Data excerpts: Begin

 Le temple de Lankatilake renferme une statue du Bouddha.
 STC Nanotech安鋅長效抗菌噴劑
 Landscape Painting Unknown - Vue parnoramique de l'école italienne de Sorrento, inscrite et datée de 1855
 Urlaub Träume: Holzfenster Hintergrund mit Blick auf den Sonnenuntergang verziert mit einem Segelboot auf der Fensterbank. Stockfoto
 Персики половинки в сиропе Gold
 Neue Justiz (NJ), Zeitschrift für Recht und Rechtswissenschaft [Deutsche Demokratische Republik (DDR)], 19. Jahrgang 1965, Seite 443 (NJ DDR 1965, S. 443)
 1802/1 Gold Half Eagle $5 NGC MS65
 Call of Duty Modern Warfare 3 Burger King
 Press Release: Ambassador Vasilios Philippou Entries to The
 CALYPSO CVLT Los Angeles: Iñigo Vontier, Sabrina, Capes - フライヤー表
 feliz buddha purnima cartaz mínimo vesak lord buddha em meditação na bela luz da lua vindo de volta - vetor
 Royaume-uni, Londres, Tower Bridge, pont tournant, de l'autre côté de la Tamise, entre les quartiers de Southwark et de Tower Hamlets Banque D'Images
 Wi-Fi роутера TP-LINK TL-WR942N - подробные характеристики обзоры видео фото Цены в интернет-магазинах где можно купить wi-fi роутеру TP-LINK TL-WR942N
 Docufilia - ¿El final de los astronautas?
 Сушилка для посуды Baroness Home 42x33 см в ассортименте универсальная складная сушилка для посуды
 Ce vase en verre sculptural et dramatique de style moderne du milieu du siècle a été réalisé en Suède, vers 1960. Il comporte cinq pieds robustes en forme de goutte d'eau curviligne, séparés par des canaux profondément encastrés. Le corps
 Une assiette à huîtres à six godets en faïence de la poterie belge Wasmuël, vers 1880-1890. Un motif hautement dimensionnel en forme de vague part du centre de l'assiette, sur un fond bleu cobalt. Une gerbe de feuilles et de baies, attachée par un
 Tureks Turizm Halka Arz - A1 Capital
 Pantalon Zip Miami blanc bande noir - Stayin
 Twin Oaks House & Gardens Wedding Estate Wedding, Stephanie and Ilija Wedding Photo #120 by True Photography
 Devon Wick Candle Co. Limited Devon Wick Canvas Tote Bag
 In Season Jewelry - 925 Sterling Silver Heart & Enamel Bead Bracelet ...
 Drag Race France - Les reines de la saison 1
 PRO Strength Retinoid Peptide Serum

Data excerpts: End

> **What this task involves**
Look for the string "forme" in the entries above. Copy every line that has it.

> **Finished exercise**
 Ce vase en verre sculptural et dramatique de style moderne du milieu du siècle a été réalisé en Suède, vers 1960. Il comporte cinq pieds robustes en forme de goutte d'eau curviligne, séparés par des canaux profondément encastrés. Le corps
 Une assiette à huîtres à six godets en faïence de la poterie belge Wasmuël, vers 1880-1890. Un motif hautement dimensionnel en forme de vague part du centre de l'assiette, sur un fond bleu cobalt. Une gerbe de feuilles et de baies, attachée par un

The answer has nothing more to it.